§ **Work task**
As output, give the exact lines from the one containing "Palm tree earrings" through the end of the listing below, both included, without the pictures.

§ **Input**
=-=-=-=-=

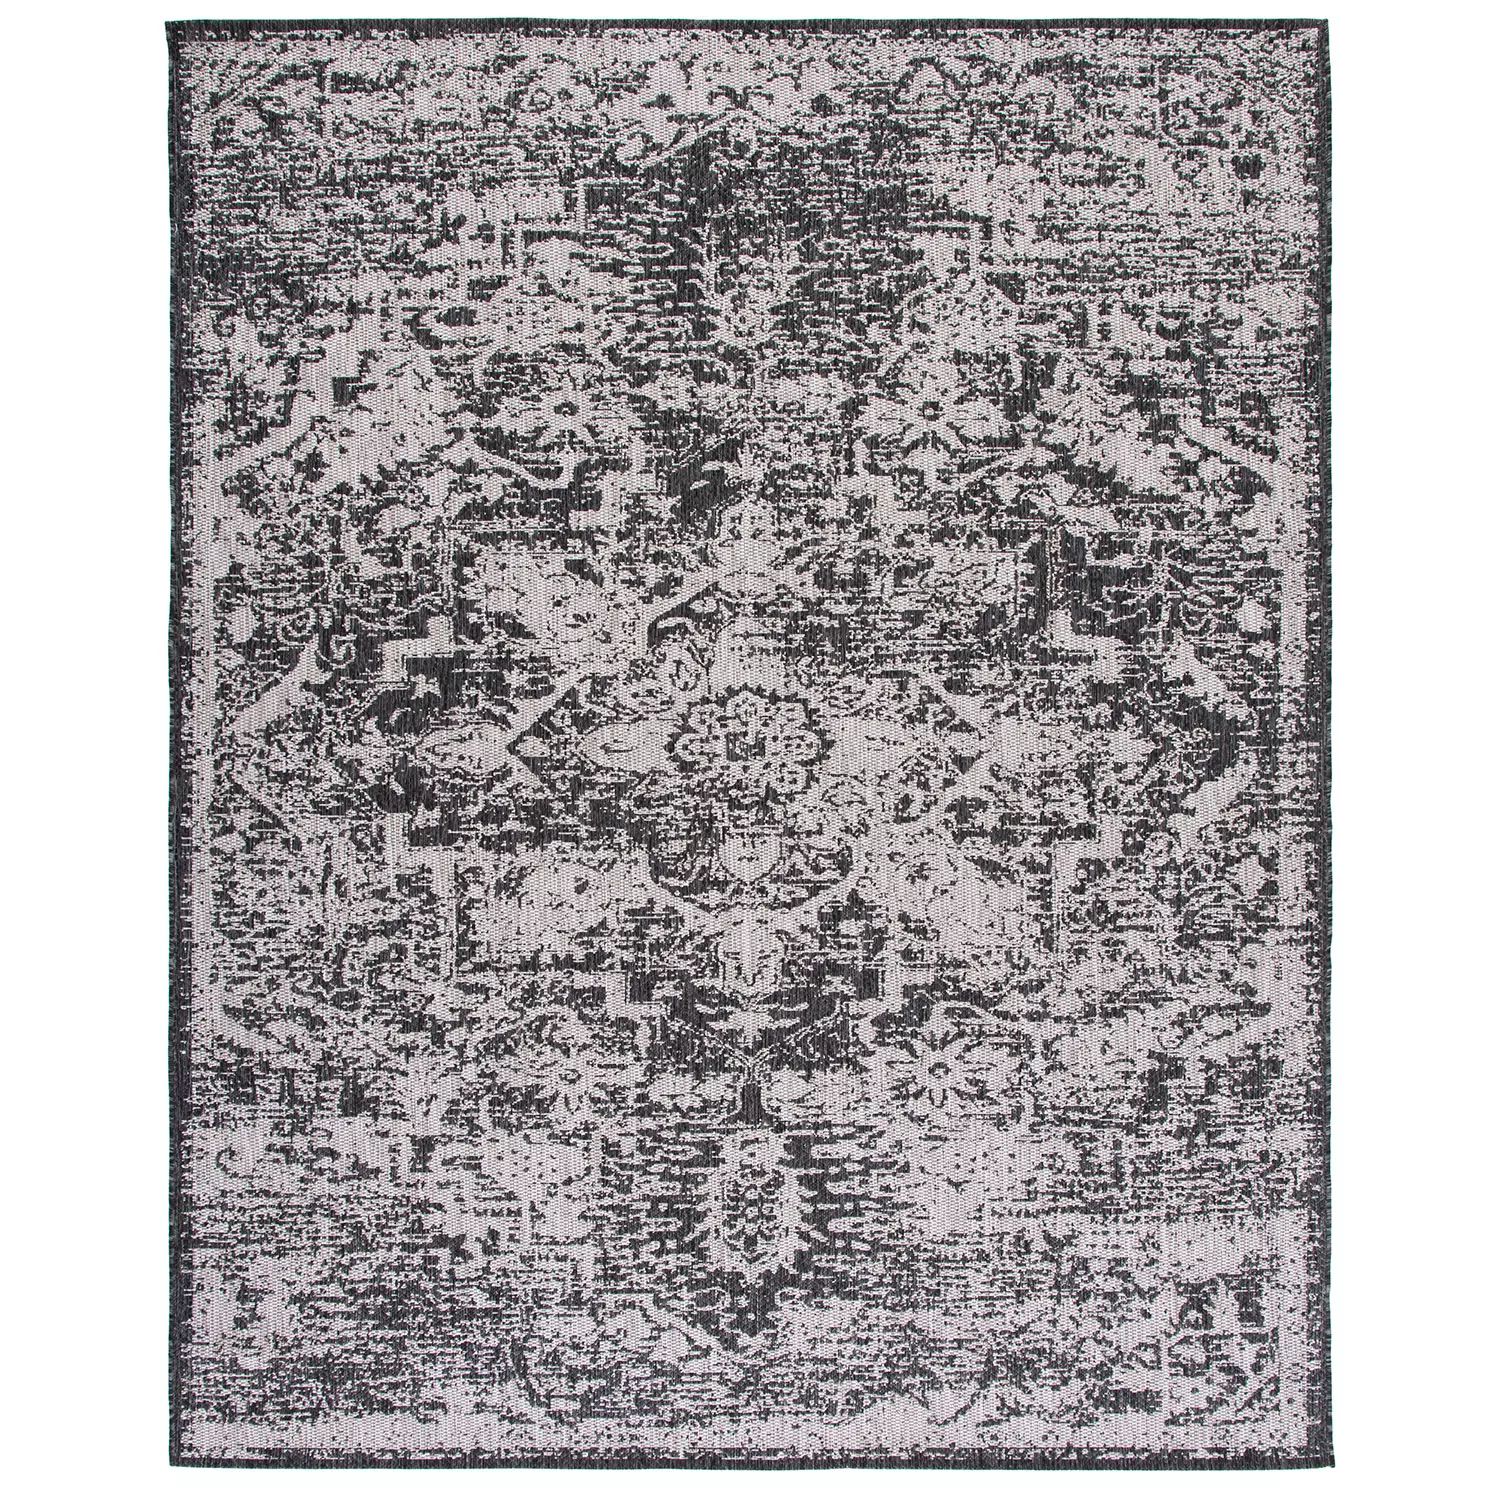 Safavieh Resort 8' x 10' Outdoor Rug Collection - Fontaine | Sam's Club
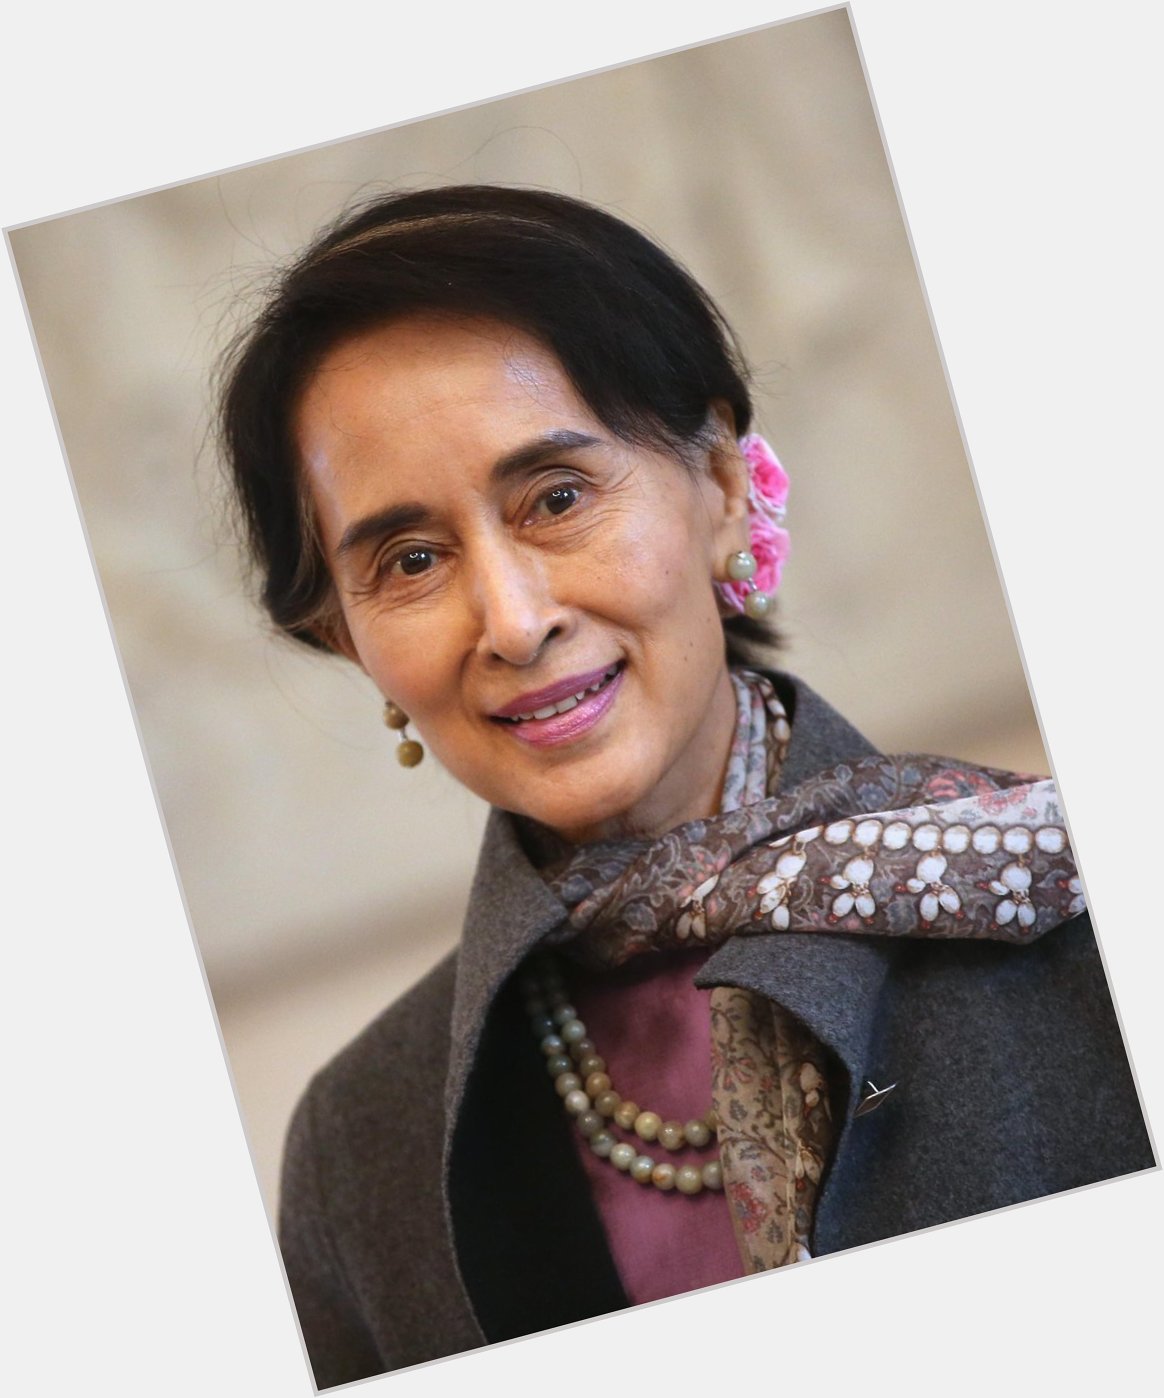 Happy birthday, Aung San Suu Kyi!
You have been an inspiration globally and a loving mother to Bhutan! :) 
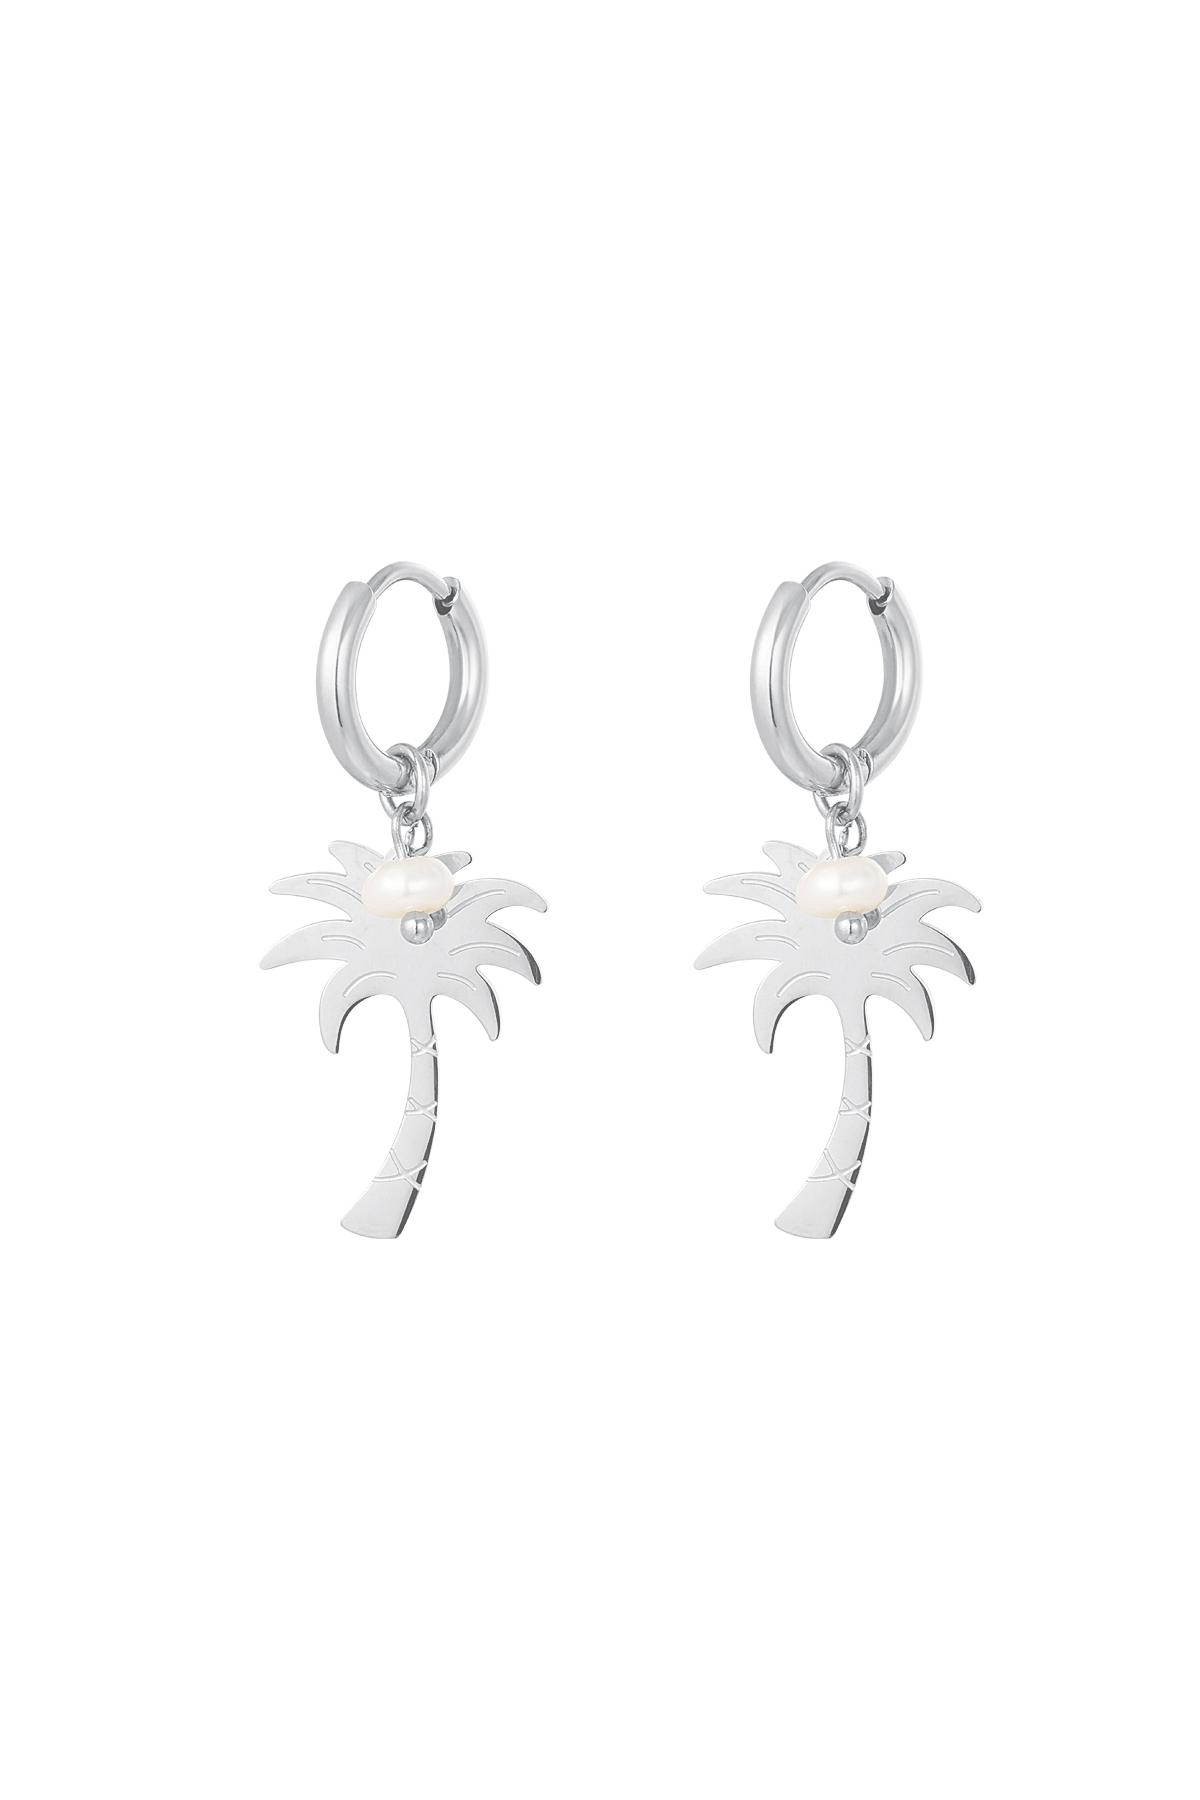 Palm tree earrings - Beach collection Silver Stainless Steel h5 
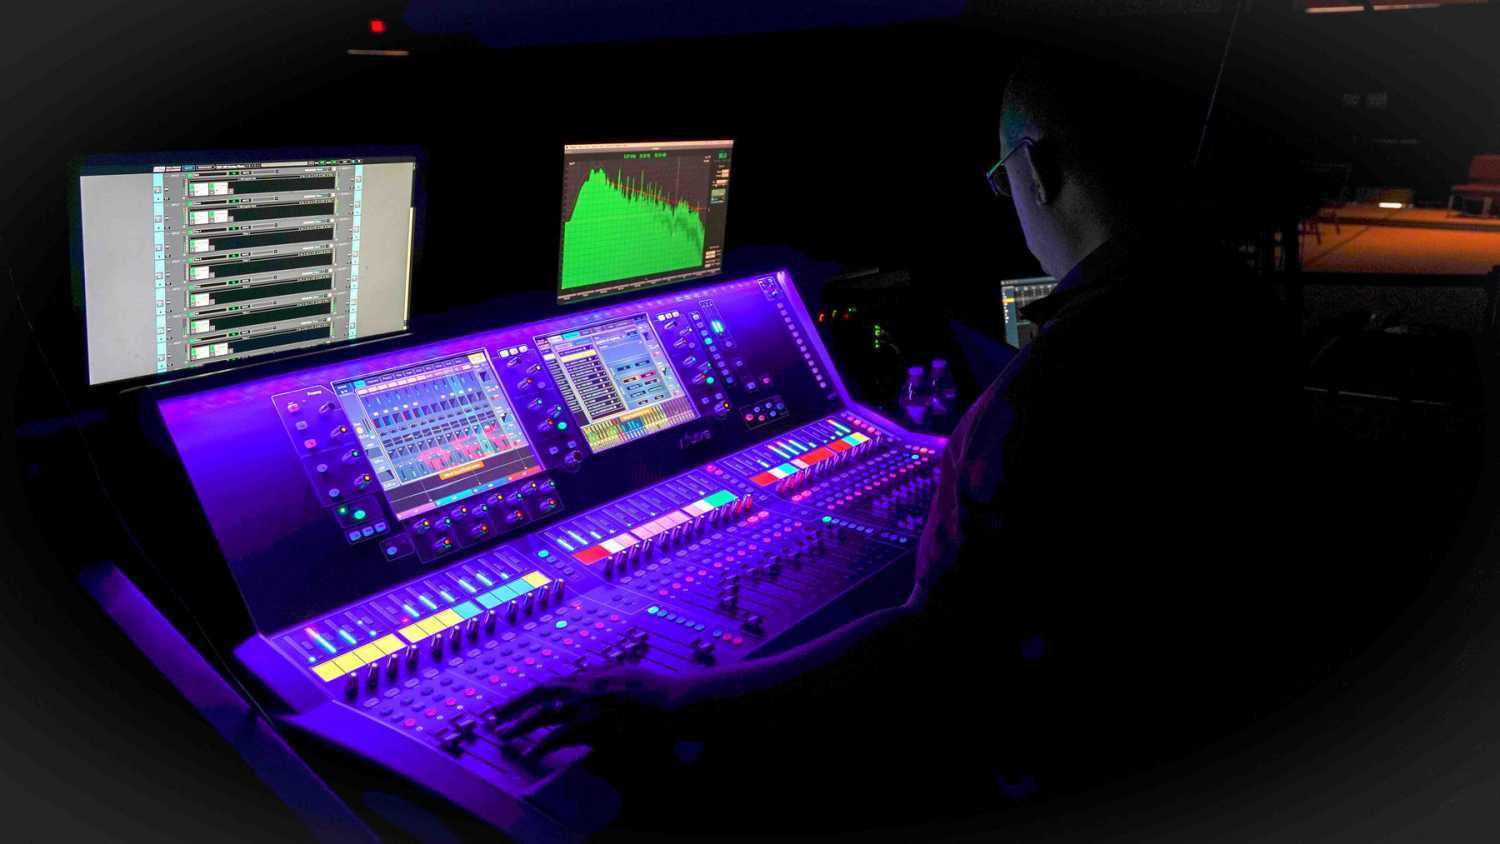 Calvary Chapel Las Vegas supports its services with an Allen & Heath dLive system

=-=-=-=-=

§ **Answer to the problem**
 Palm tree earrings - Beach collection Silver Stainless Steel h5 
 Calvary Chapel Las Vegas supports its services with an Allen & Heath dLive system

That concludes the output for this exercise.